[Opening Material for this task section]

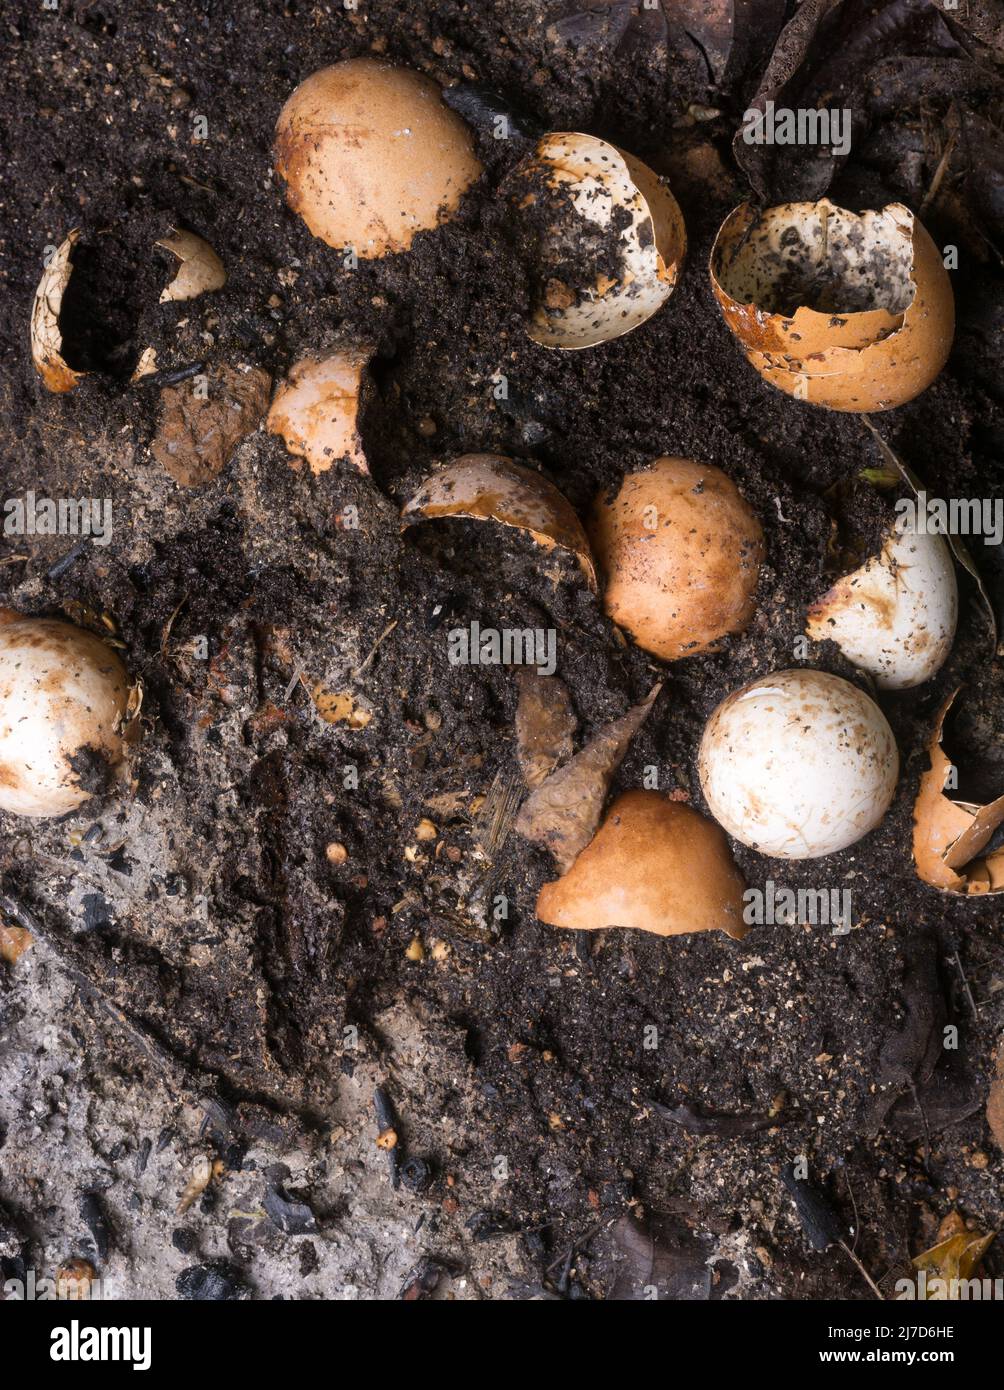 egg shells mixed with garden soil to provide nutrients for plants, food waste used as organic fertilizer, environmental and gardening concept Stock Photo
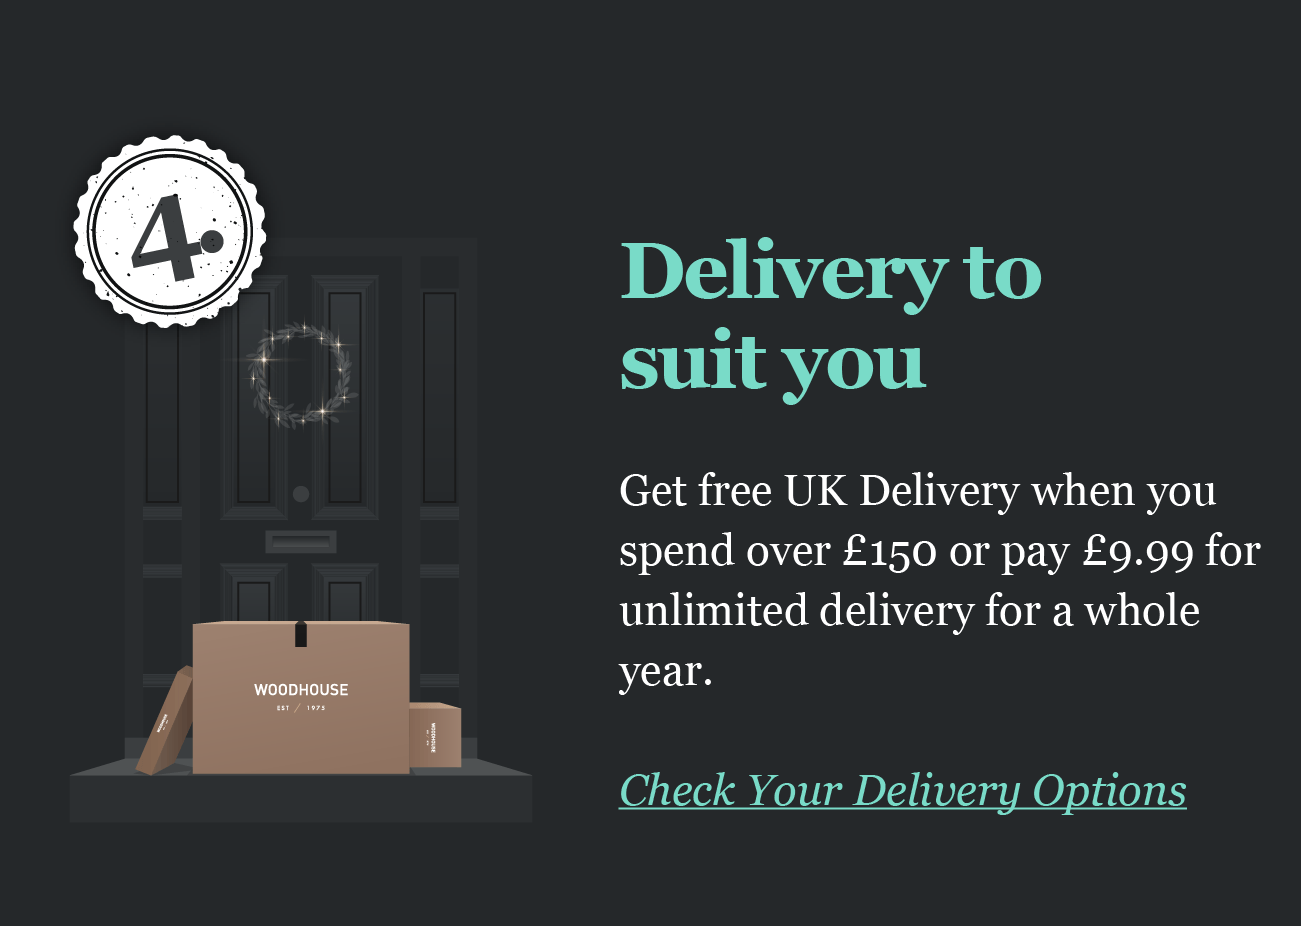 4.
Delivery to
suit you

Get free UK Delivery when you
spend over ?150 or pay ?9.99 for
unlimited delivery for a whole
year.

Check Your Delivery Options

[Closing Material for this task section]

#### [Exercise brief]
Would you return the data above exactly as written, minus the images?

#### [Result of this exercise]
 egg shells mixed with garden soil to provide nutrients for plants, food waste used as organic fertilizer, environmental and gardening concept Stock Photo
 4.
Delivery to
suit you

Get free UK Delivery when you
spend over ?150 or pay ?9.99 for
unlimited delivery for a whole
year.

Check Your Delivery Options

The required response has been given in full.